JarrettSJohnson · 2025-02-16T23:18:41Z

Won't comment on details at the moment, but currently I do have a couple of high-level comments:

I'm usually all in favor of refactoring code, but doing so should come with some sort of purpose so that there's an overall net positive. Usually there is a cost of doing so ( it is not always free: a708606 98c85b8 Shortcut now missing has_key method #425 ) .
Similar to above I don't think the cpv module posed any sort of developer obstacle that would warrant a change. In fact, instead of investing time into making cpv nicer to use, I think it would also be worth to consider if cpv is even needed in the first place (No code to maintain is better than maintaining the nicest code). Most of this module was written over two decades ago and there now exists libraries (especially numpy) that have much higher usage from a higher number of experts that have thought about linear algebra more than we have. IMO, one step forward would be to consider if we can replace cpv altogether (perhaps keeping the functions not present in numpy/numpy.linalg). This would of course mean that scripts that use cpv would need to be changed to use numpy (which IMO should rely on numpy and not PyMOL to do linear algebra).
I'd rather keep the verbose setting on for CI so that I can see each step of the C++ compilation process.

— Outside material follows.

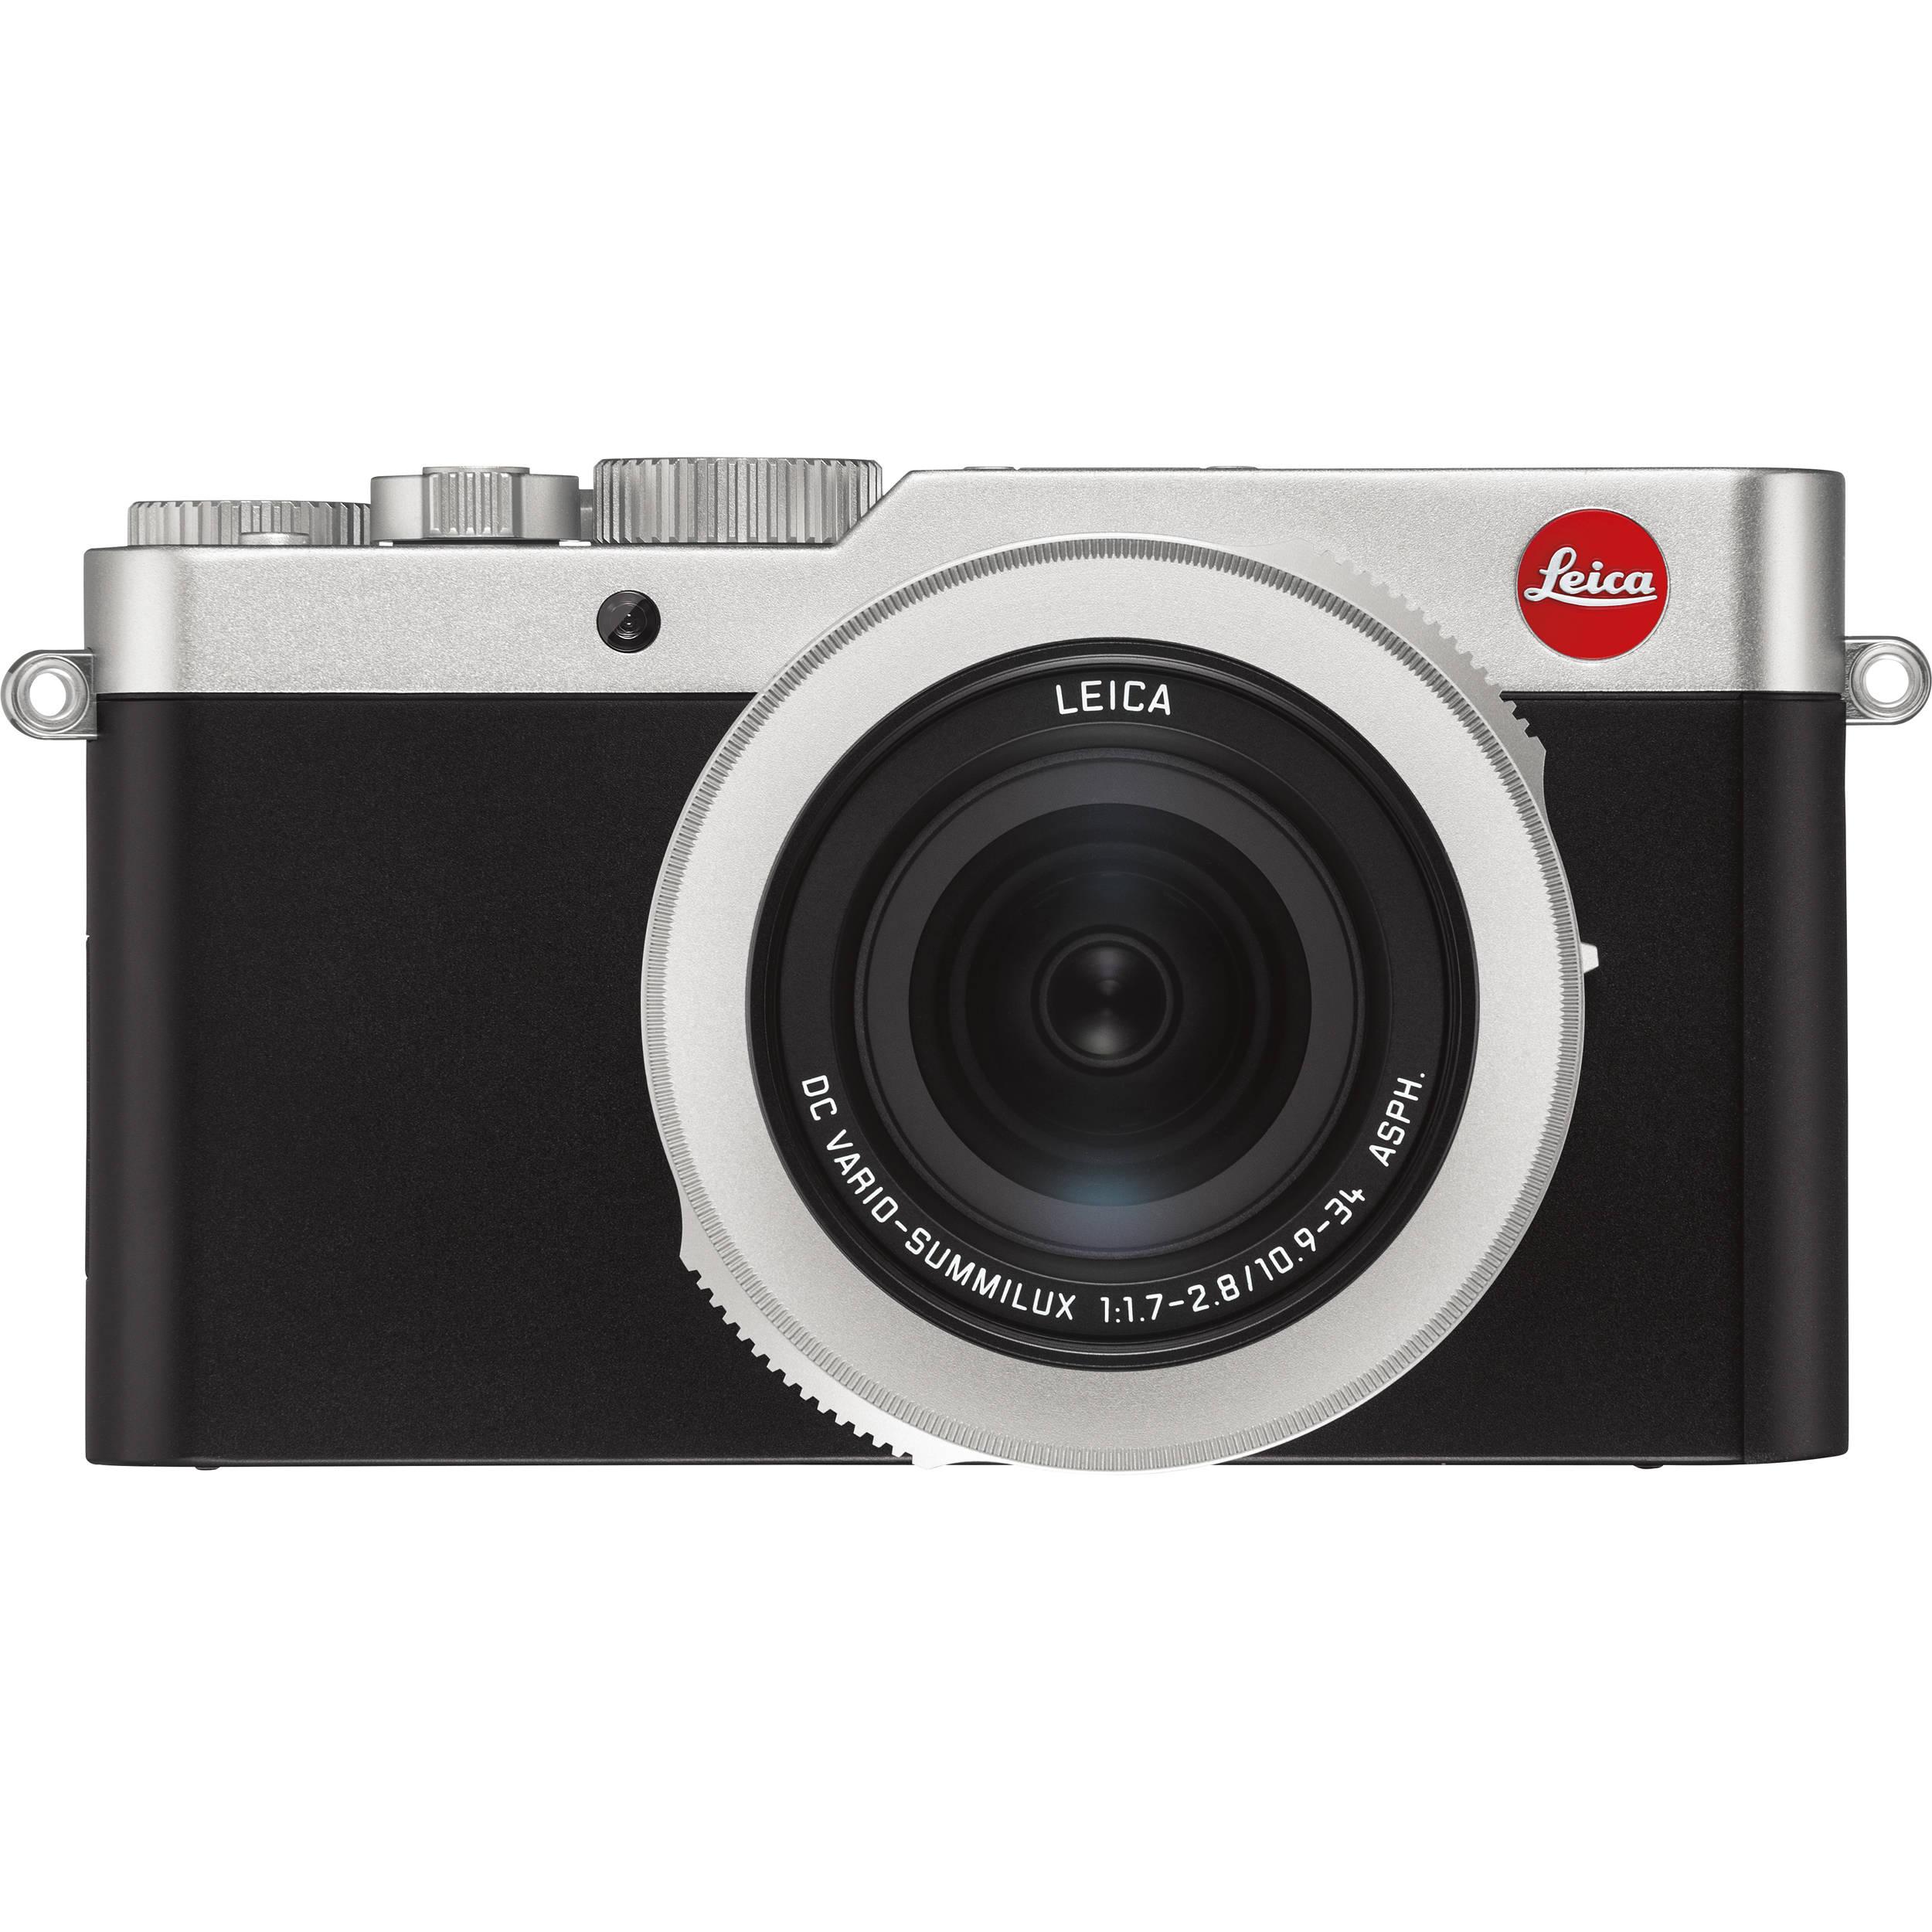 Leica D Lux 7 Digital Camera Silver 19116 B H Photo Video

ye11owSub · 2025-02-17T00:08:19Z

hey @JarrettSJohnson !

I'm usually all in favor of refactoring code, but doing so should come with some sort of purpose so that there's an overall net positive. Usually there is a cost of doing so ( it is not always free: a708606 98c85b8 #425 ) .

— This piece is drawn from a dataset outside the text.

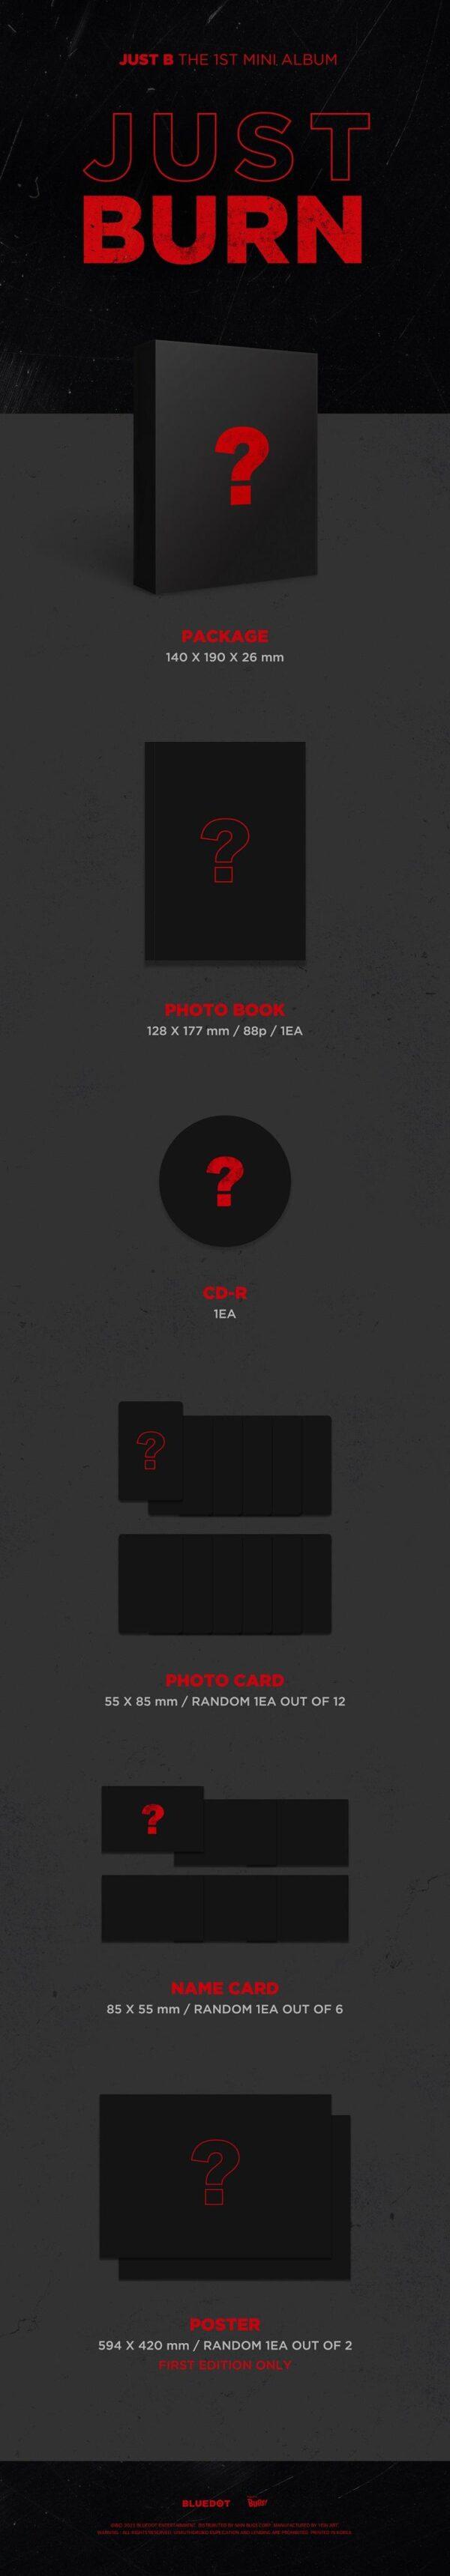 1st Mini Album de JUST B JUST BURN Poster 1

This is the cost of poor code quality and lack of test coverage. Refactoring is a method to find and fix these issues.

Similar to above I don't think the cpv module posed any sort of developer obstacle that would warrant a change. In fact, instead of investing time into making cpv nicer to use, I think it would also be worth to consider if cpv is even needed in the first place (No code to maintain is better than maintaining the nicest code). Most of this module was written over two decades ago and there now exists libraries (especially numpy) that have much higher usage from a higher number of experts that have thought about linear algebra more than we have. IMO, one step forward would be to consider if we can replace cpv altogether (perhaps keeping the functions not present in numpy/numpy.linalg). This would of course mean that scripts that use cpv would need to be changed to use numpy (which IMO should rely on numpy and not PyMOL to do linear algebra).

I'm not sure I understand what you mean when you say "there now exists libraries (especially numpy) that have much higher usage". The entire cpv.py module was completely rewritten using numpy in this pull request. This new implementation is compatible with scripts in the pymol-scripts repo and other pymol modules.
In any case, I completely agree with your idea of replacing cpv.py with numpy. However, I assumed that changing the established API to use numpy would be unacceptable. If you believe that replacing all calls of cpv.py in the pymol and pymol-scripts repositories with numpy is a good idea, then I would be happy to do it.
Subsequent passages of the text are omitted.